Nigerian fintech Flutterwave lands unicorn status with $170m Series C
Flutterwave, a Lagos and San Francisco-based payments gateway serving the likes of Uber, Booking.com and Jumia, has become one of the latest start-ups to land unicorn status.
The five-year-old fintech closed a $170 million funding round this week, tipping its valuation north of $1 billion.
In total, Flutterwave has raised $225 million and is one of the few African start-ups to have secured more than $200 million in funding.
Fellow Lagos-based fintech Interswitch bagged unicorn status in November 2019 with the help of Visa. But less than a year later, Business Day reports suggested the pandemic might have scuppered this status.
Growth-equity firms Avenir Growth Capital and Tiger Global Management LLC led Flutterwave’s latest round, alongside existing investors.
These include Visa – which backed its $35 million Series B – as well as financial services provider FIS, DST Global, and Salesforce Ventures.
Five-year journey
Former bank managers from JP Morgan, Nigeria’s Access Bank, Standard Bank Nigeria, and KPMG founded Flutterwave in 2016.
The start-up provides business-to-business (B2B) payments services for those companies operating in Africa. It allows them to can pay other companies on and beyond the continent.
Olugbenga Agboola, the fintech’s founder and CEO, says “the payments landscape in Africa was highly fragmented” when it started out. “So, the goal was to build a pan-African platform that simplified payments”.

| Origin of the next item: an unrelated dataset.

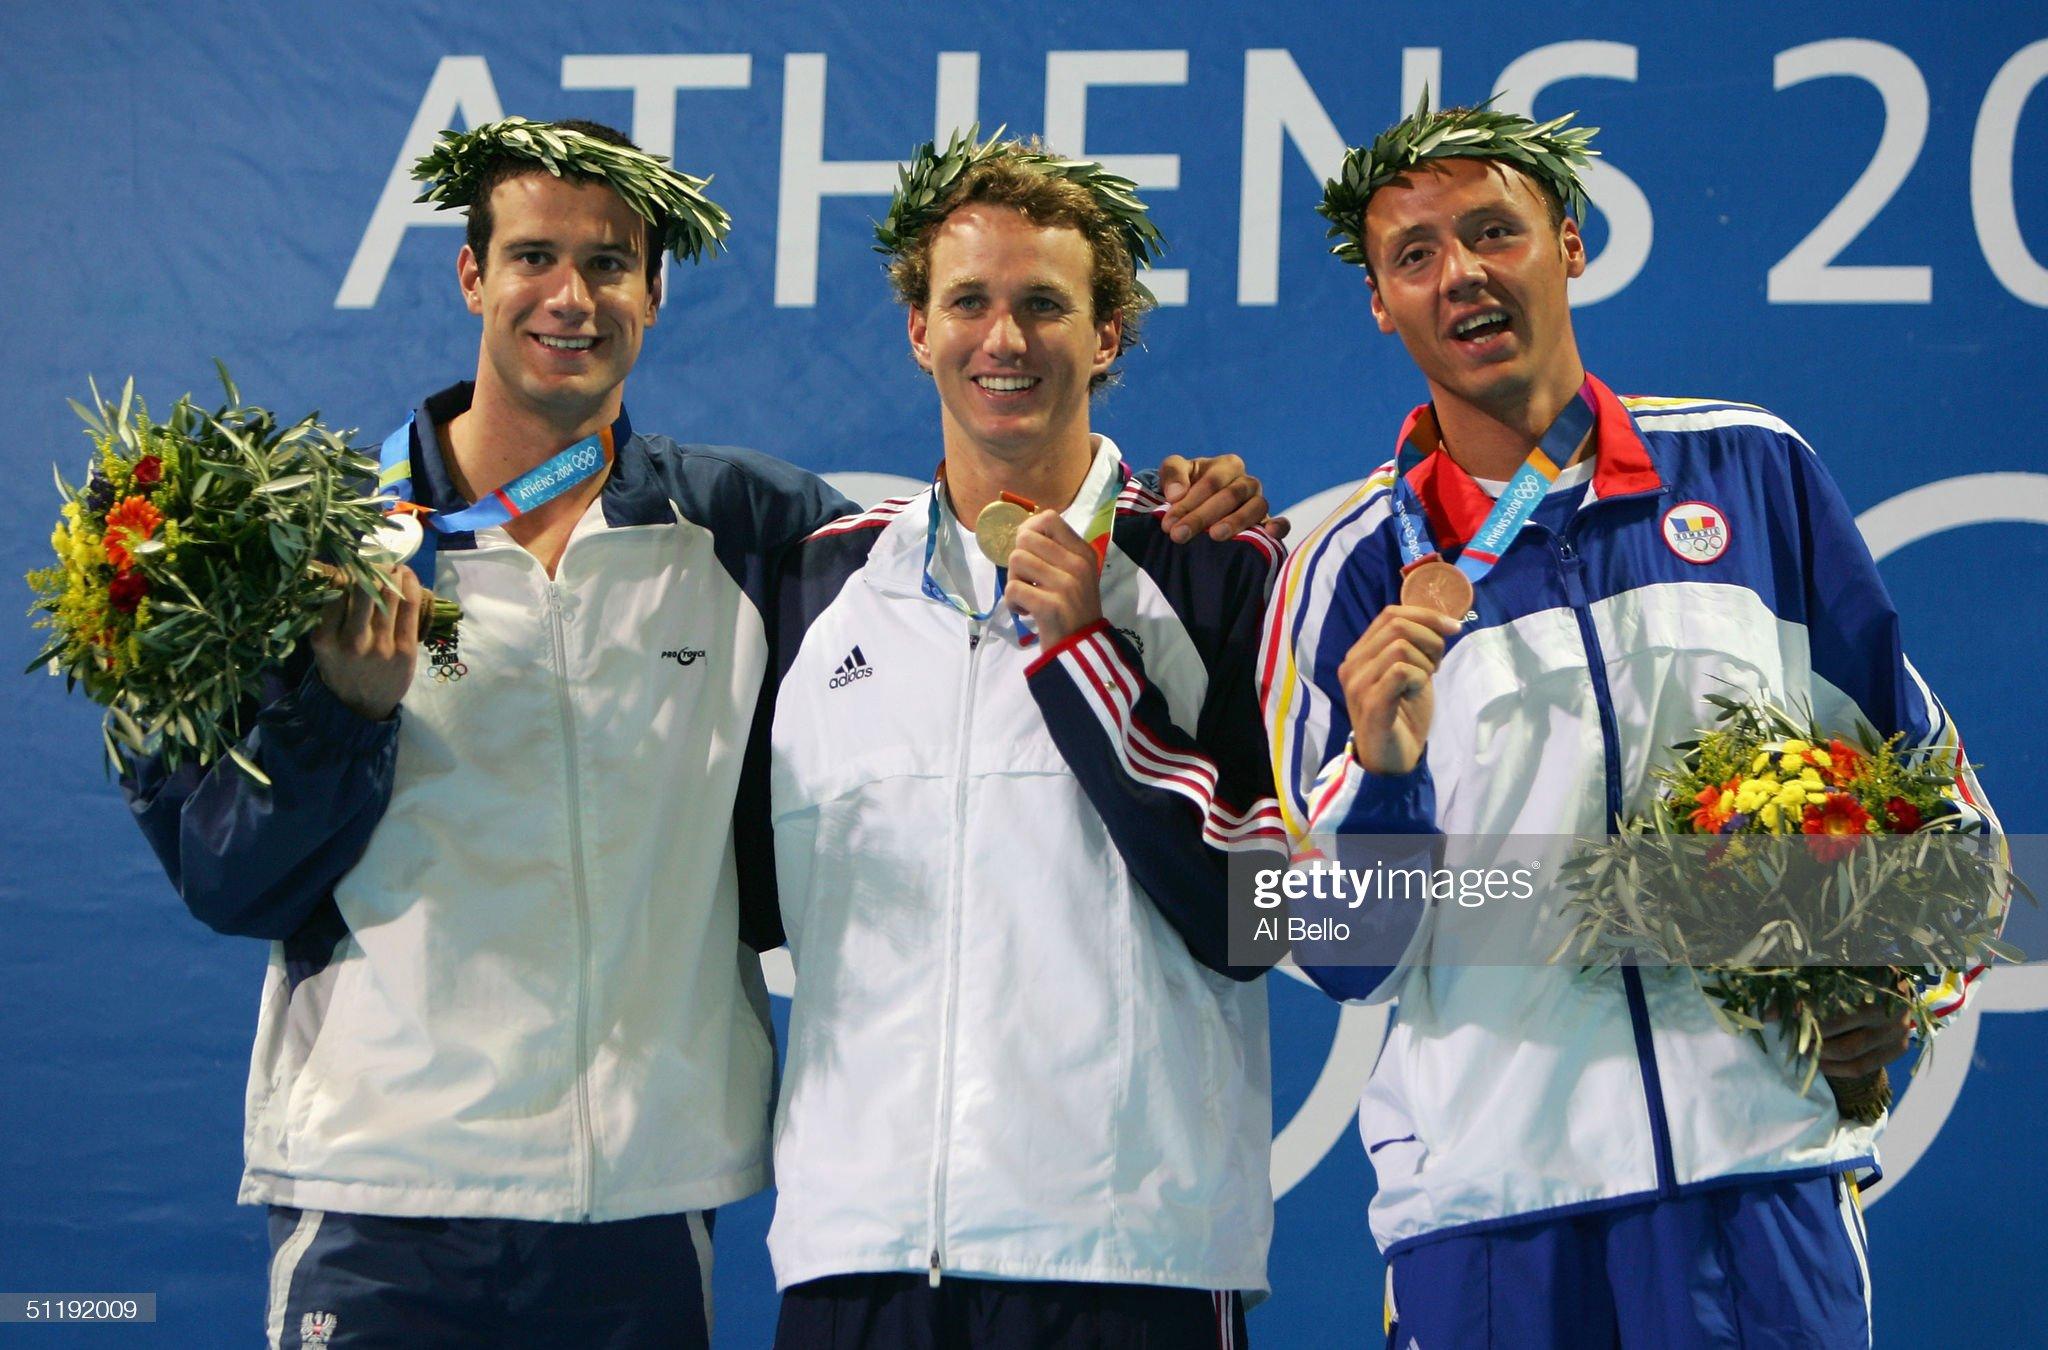 Mens 200m Backstroke Medal Ceremony : Fotografía de noticias

Flutterwave has since grown to a more than 300-person team and built its network up to 290,000 merchants. As well as 500,000 Barter users – a service which allows customers to transfer money for free.
Agboola praises the Central Bank of Nigeria. Particularly under the leadership of its current governor, Godwin Emefiele – who took over in 2014.

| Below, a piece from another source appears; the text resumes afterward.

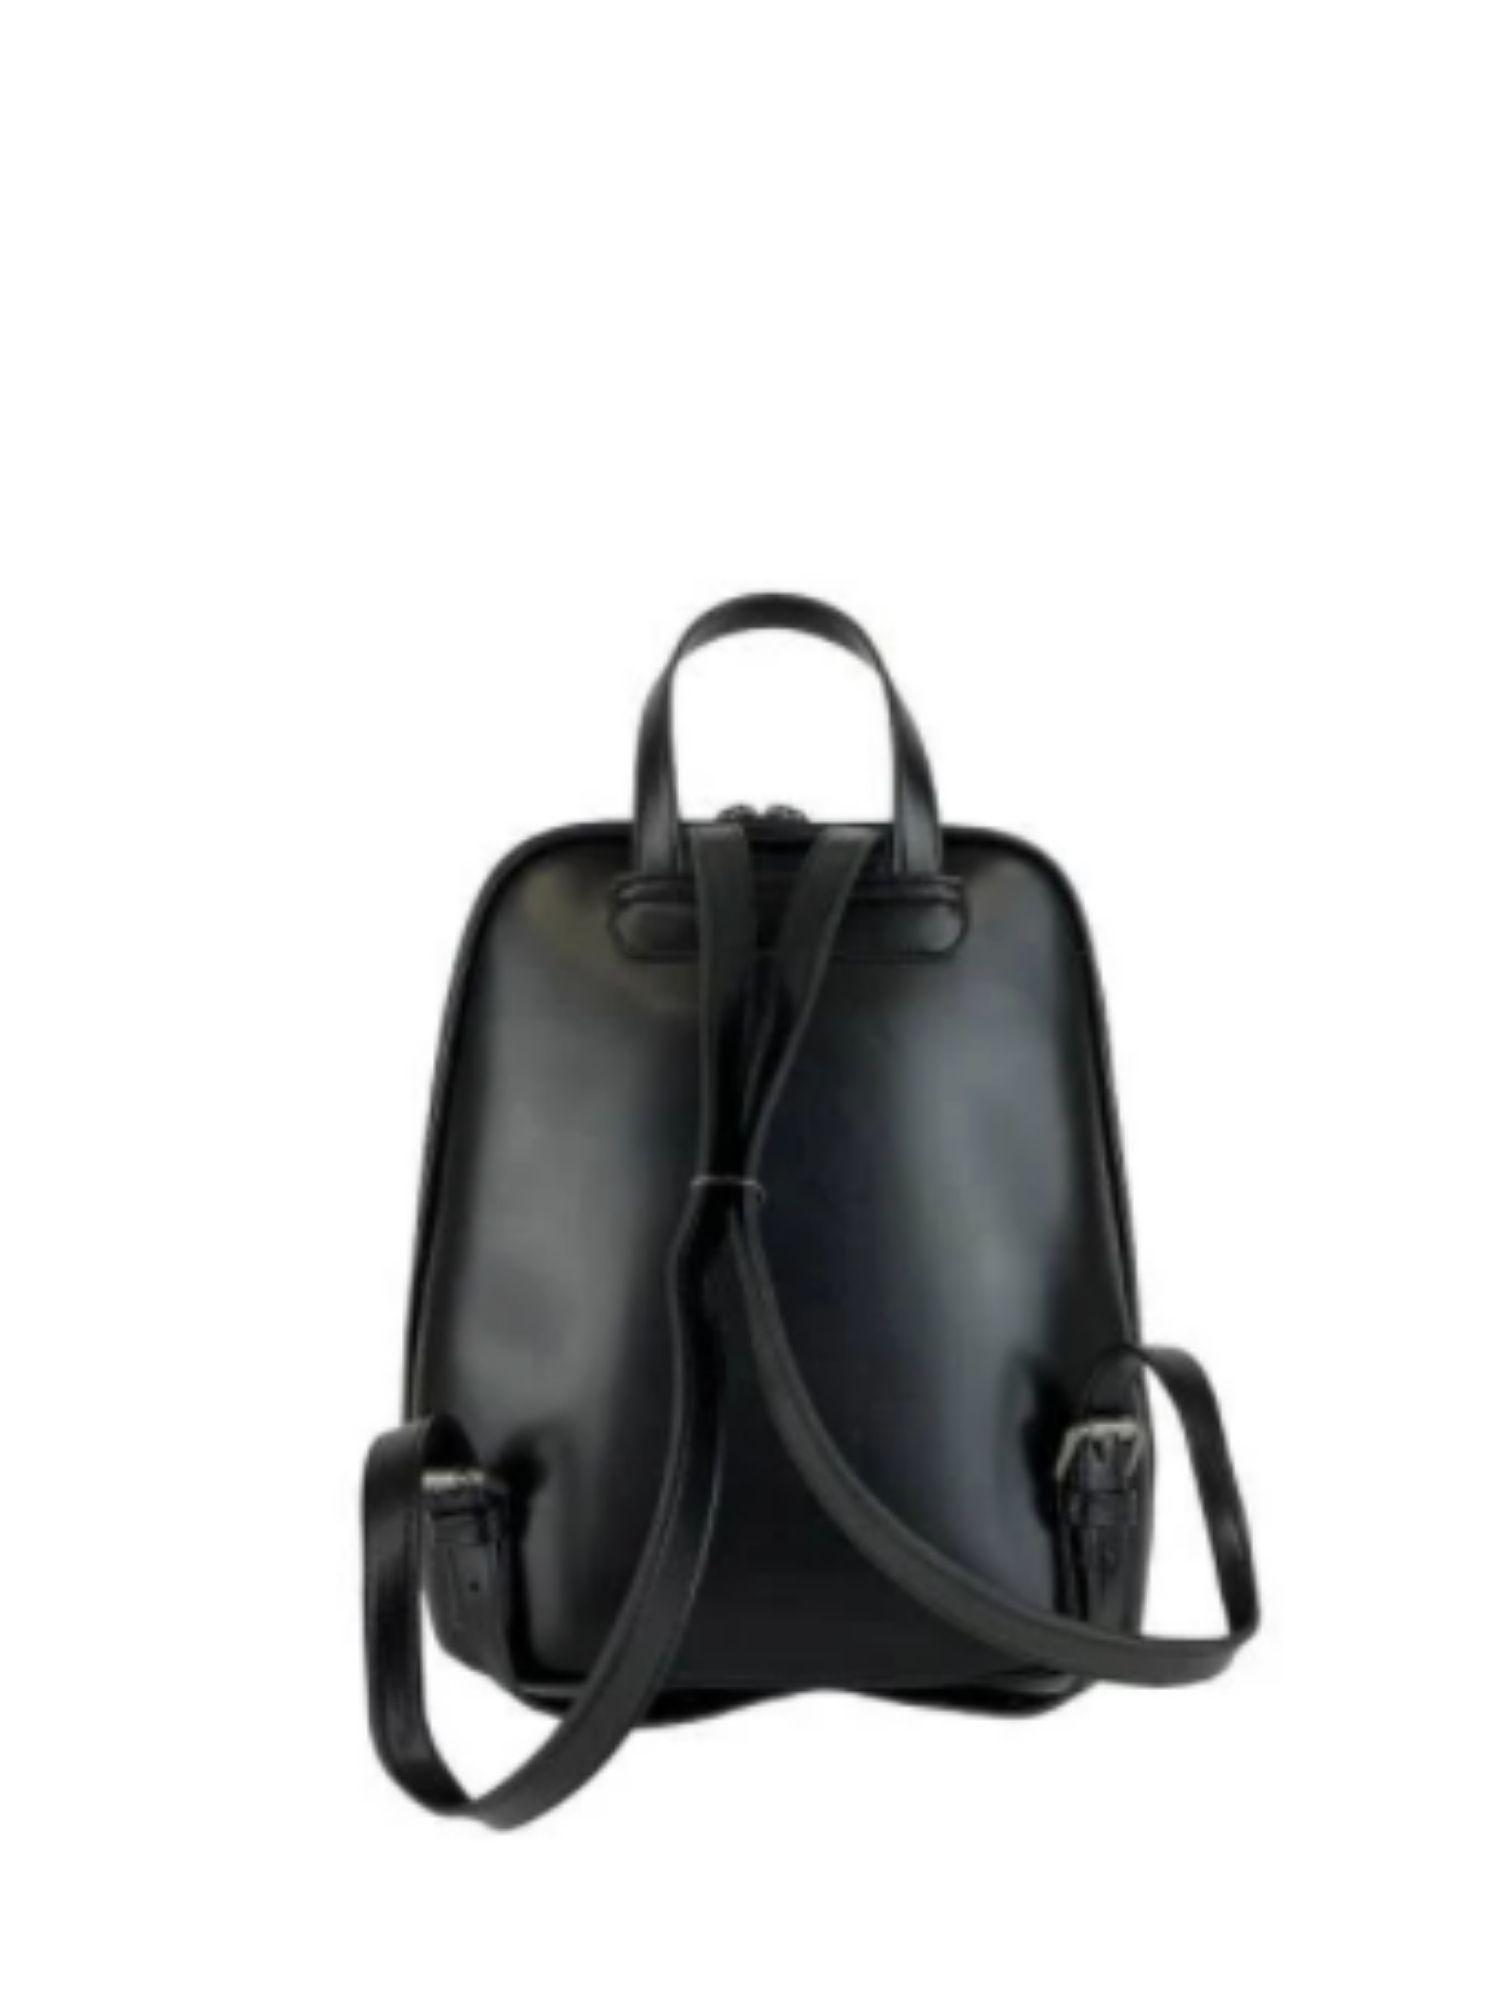 Zaino Atelier Du Sac Pash Bag 10916 Nero 2 2

“[The CBN has] remained at the forefront of the significant efforts that are currently being made by African governments to create the enabling environment for technology, innovation and financial inclusion,” says Flutterwave’s CEO.
Product development
The start-up will use the new funds to continue harmonising Africa’s digital payments landscape for small and medium-sized enterprises (SMEs).
Particular focuses will be customer acquisition, both in existing as well as international markets. As well as product development.
The fintech recently launched “Flutterwave Mobile”, an app which turns mobiles into point-of-sale (PoS) devices.
The new release came out of the success of “Flutterwave Stores”, which launched during the early months of the COVID-19 pandemic. It allows businesses to upload products, set prices and integrate with delivery partners for orders – all without setting up a website.
“We look forward to increasing our investments across the continent and deepening the impact our platform has on lives and livelihoods,” says Agboola.